One of the most overlooked and poorly executed aspects of any Merger & Acquisition (M&A) or restructuring transaction is due diligence. Transactions are frequently penciled out on paper, financial models are run, and high-level strategic discussions are held. Yet, often, little attention is paid to the validation of the underpinnings of the deal thorough sound due diligence.
Due diligence not only serves to unearth potential problems in a transaction, it also validates one’s thinking and provides a roadmap for ensuring that post-transaction follow-up is well executed. Due diligence is the methodical investigation of all the legal, financial and strategic facets of the company and a transaction. It is a process that involves obtaining and verifying very detailed information about a company that is not usually found in its public documents.
Companies, bankers, accountants, lawyers and consultants perform due diligence for a variety of reasons. However, in concept, due diligence has three (3) central purposes.
- Validate Transaction Assumptions – Initial deal assumptions are often based on public information. Due diligence allows an acquiring company to verify the initial assumptions based on confidential discussions and documents.

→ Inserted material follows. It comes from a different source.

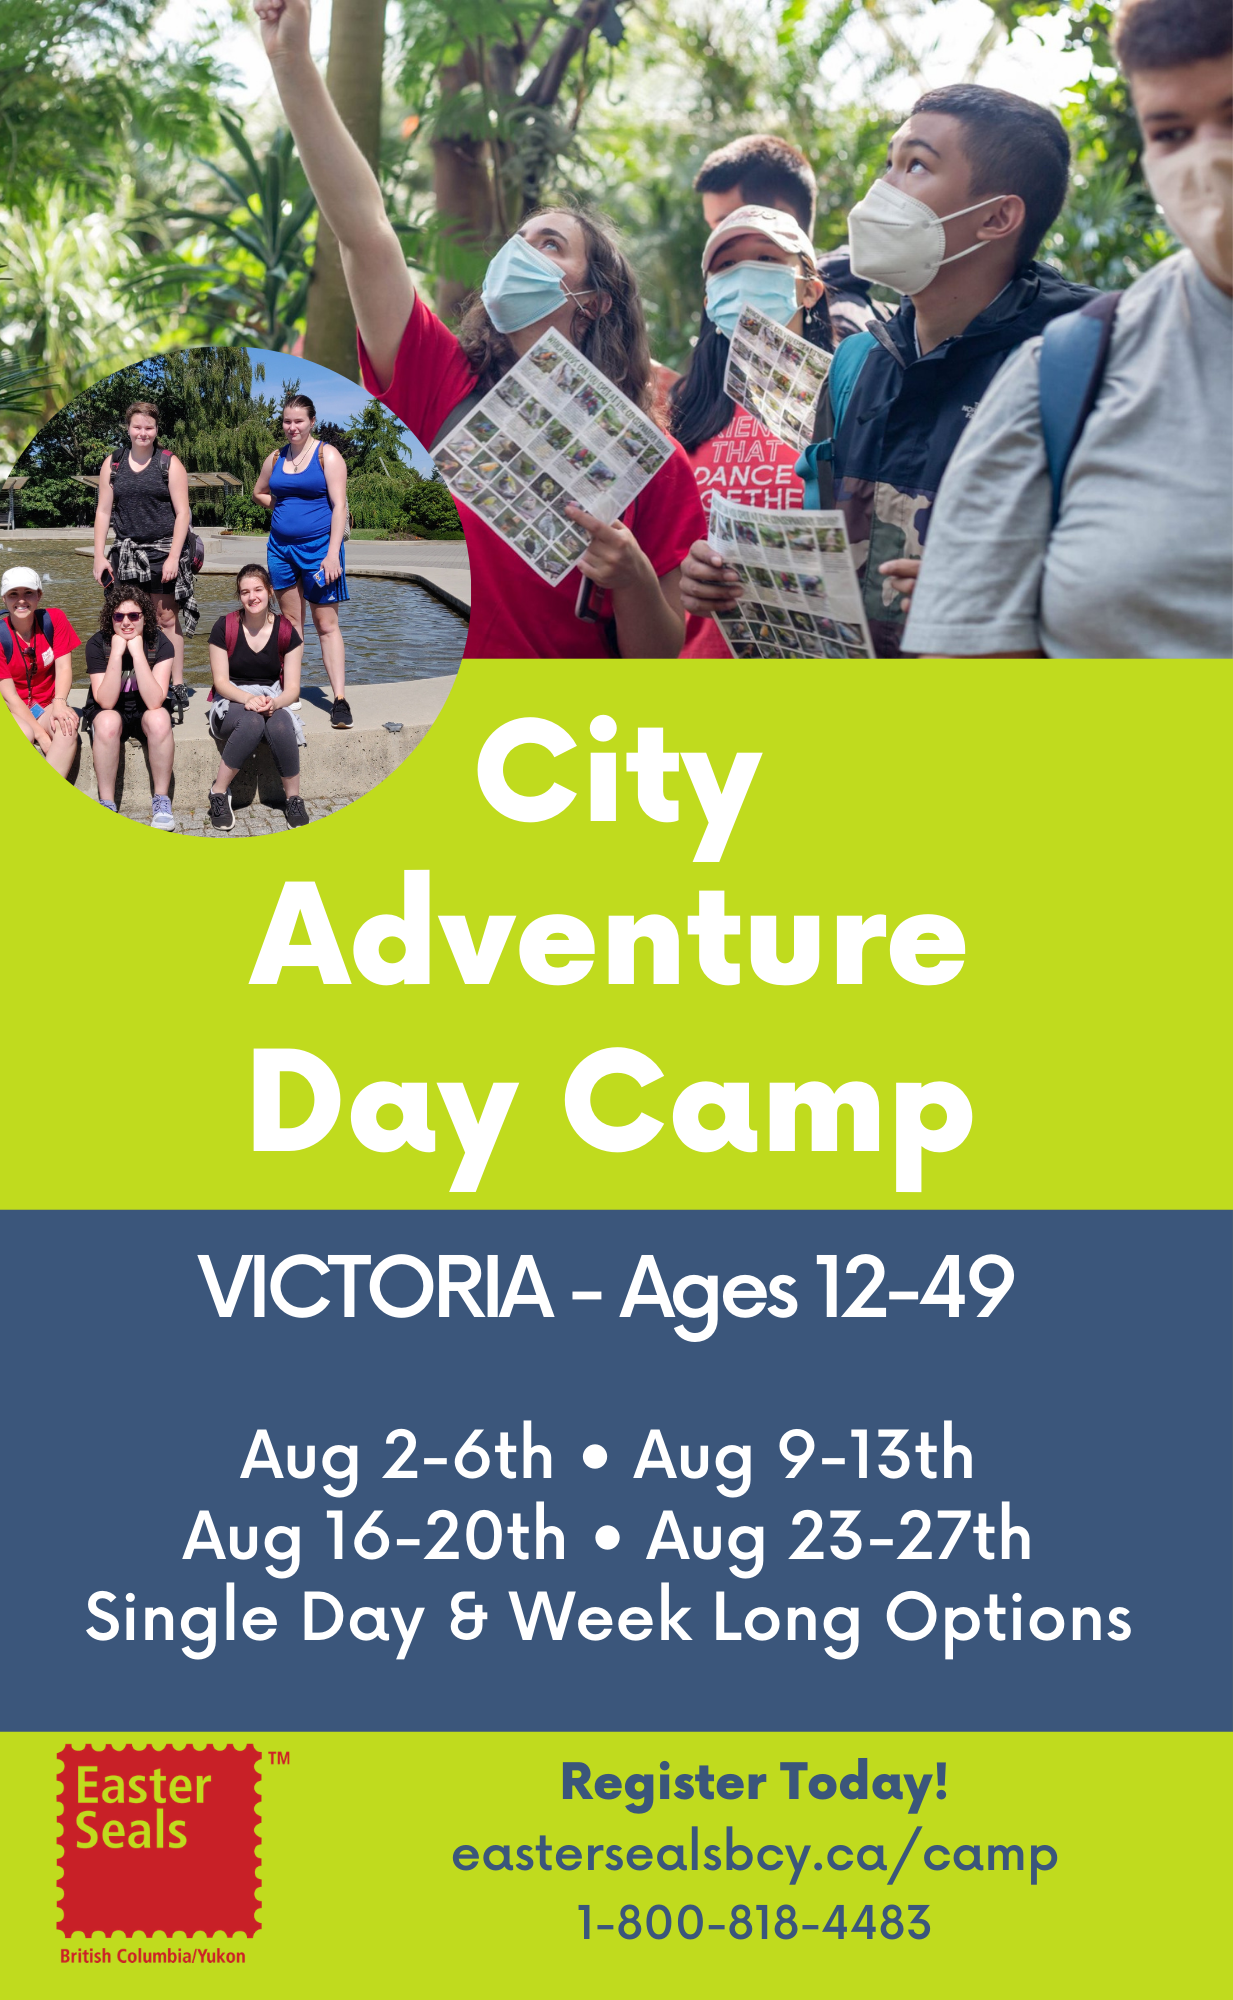 City Adventure Day Camp in Victoria - Single Day & Week Long Options (Ages 12-49)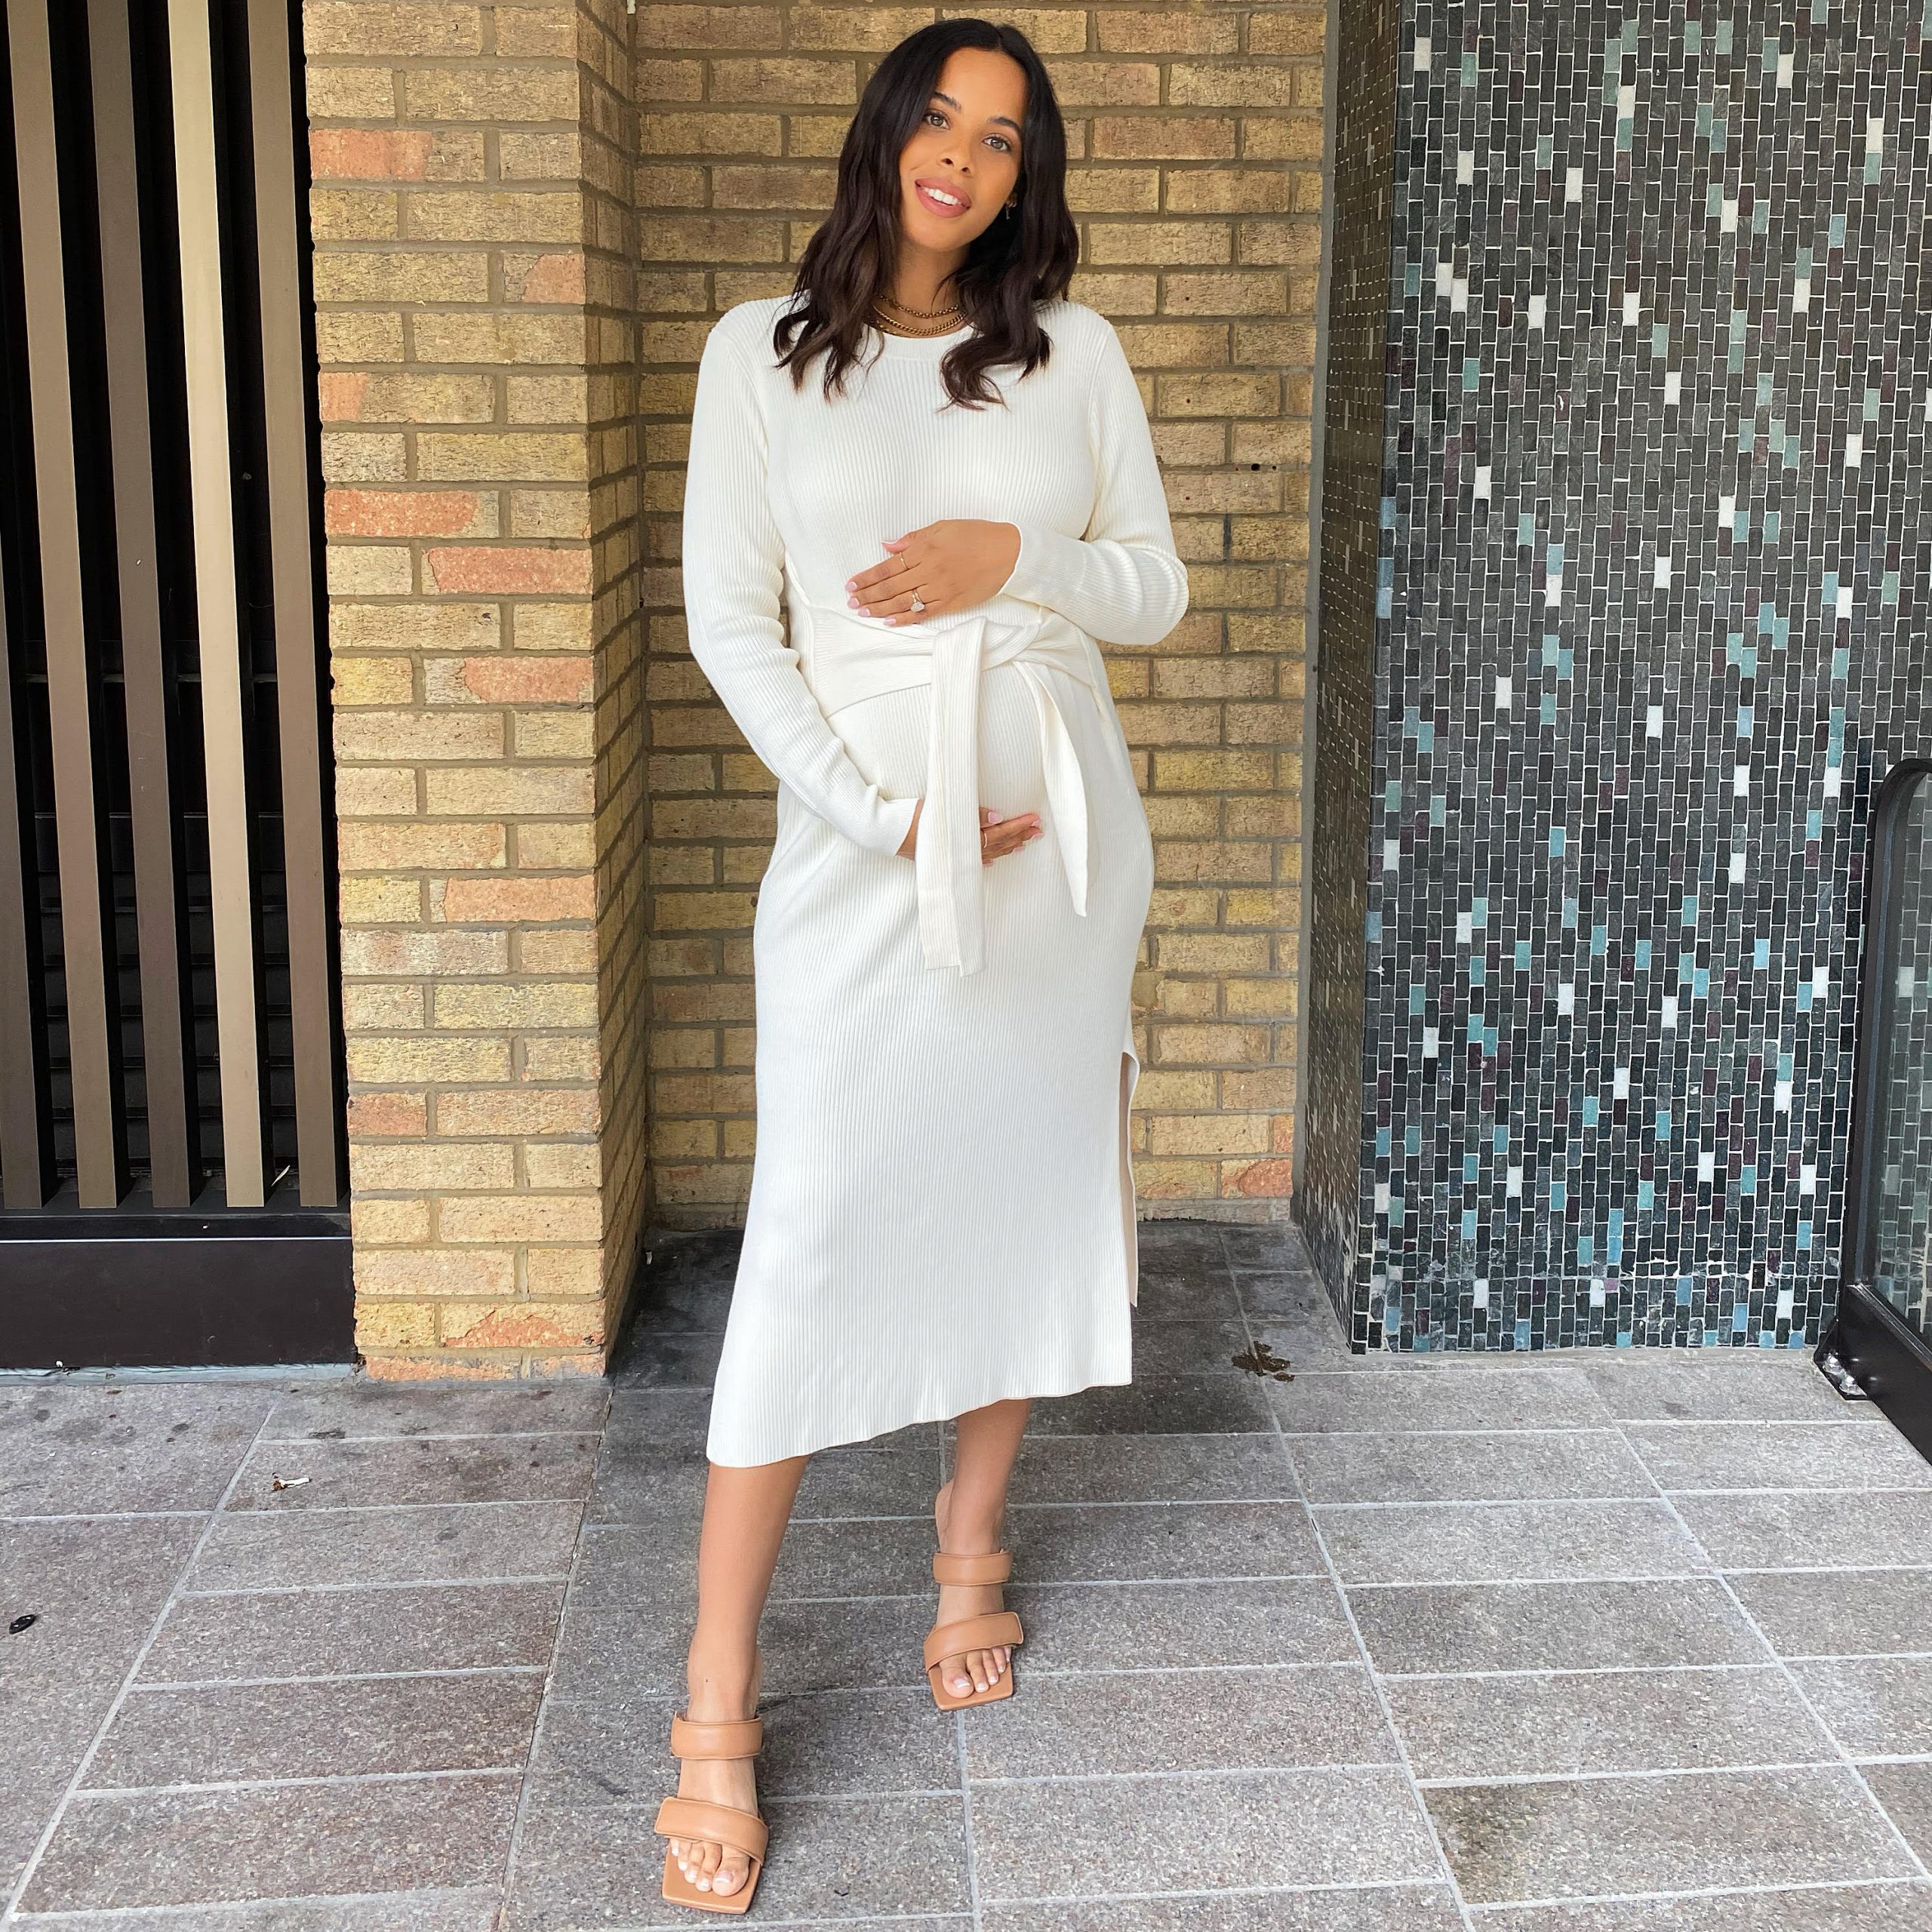 Rochelle Humes Teams Up With Amazon to Create Baby Wish List

- Unearth Possible Problems – In the course of validating initial assumptions, by digging into a company’s legal and financial framework, and by challenging strategic assumptions, it is often possible to identify errors, omissions or factual misrepresentations. In addition, there may be items not previously disclosed that are material to the transaction.
- Plan for Transition – Based on the in-depth knowledge gained from the due diligence exercise, it is possible to craft a detailed transition plan that ensures the assumptions in the transaction are seen to fruition, manages any problems that have arisen in the course of the due diligence, and integrates the companies or ensures the successful conclusion to the transaction.
Due diligence also provides a board of directors and management a measure of security that they have protected shareholder’s interests by diligently evaluating a proposed transaction. Essentially, once a transaction has reached the point where it appears likely the deal may be consummated, due diligence will either confirm that the transaction should proceed on the terms discussed, or indicate that the parties should restructure the transaction or part ways. Due diligence is necessary to protect the company from liability. Without having conducted proper, thorough due diligence, the board of directors could be found to have been negligent in its efforts when undertaking the transaction.